Daniel Hale Williams Performed Nation's Second Open-Heart Surgery In Chicago 119 Years Ago (VIDEO)

Nation's Second Open-Heart Surgery Performed In Chicago 119 Years Ago

In 1893, exactly 119 years ago Monday, Chicago surgeon Daniel Hale Williams performed the second successful heart surgery in the United States. The surgery was part of a significant medical advancement and a huge step in the fight for equality, since Williams was one of the nation's few black cardiologists at the time.

Called "the father of black surgery," Williams' name is absent from many medical history books. Williams studied medicine at Northwestern University's Chicago-based medical school after apprenticing with Dr. Henry Palmer, becoming one of the first black physicians in the city when he earned his M.D. in 1883, BET Health News reports. In addition to his notable accomplishments as a surgeon, Williams is remembered for founding the Provident Hospital and Training School in 1891, inspired by the experience of a black woman who was denied from nursing schools because of her race.

On July 9, 1893, a man entered Provident Hospital with a stab wound dangerously close to his heart, according to NewsOne.
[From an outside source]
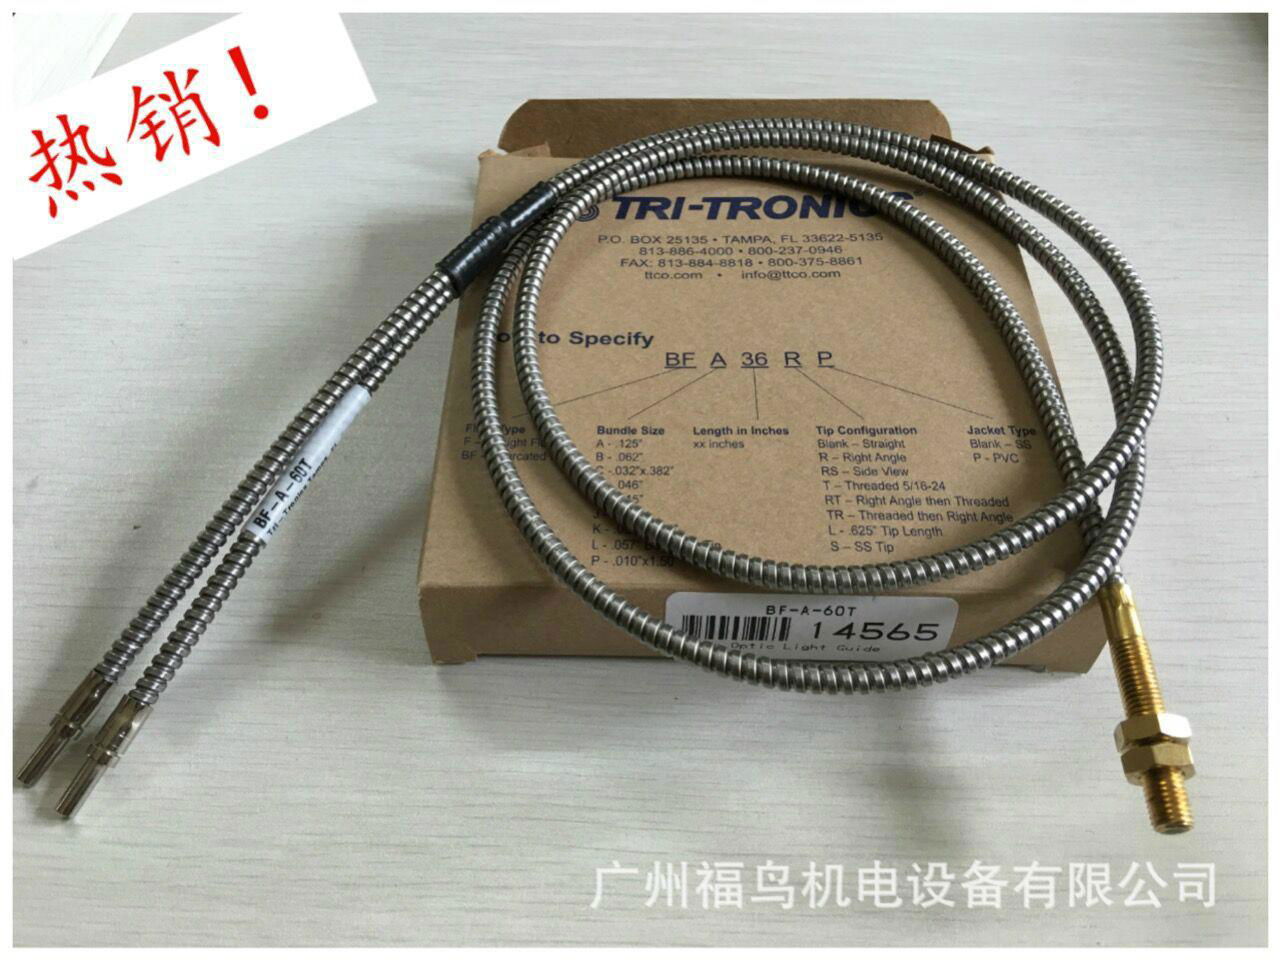 TRI-TRONICS光纖, 型號: BF-A-60T

Williams operated, repairing the heart's lining surgically, and the patient recovered fully within two months. (This successful operation was preceded in the U.S. only two years earlier by a similar repair to another pericardium by St. Louis surgeon Henry C. Dalton, according to The Evolution of Cardiac Surgery.)

Reopened in 1993 after a six-year closure brought on by financial difficulties, Provident Hospital of Cook County still operates, and holds the distinction of being the nation's first black-owned and -operated hospital in the country, according to the Provident Foundation, which focuses on preserving the institution's historical legacy.

This article has been updated to note that, according to several medical historians, Williams was not the first surgeon in the U.S. to repair a wound to the pericardium as previously reported.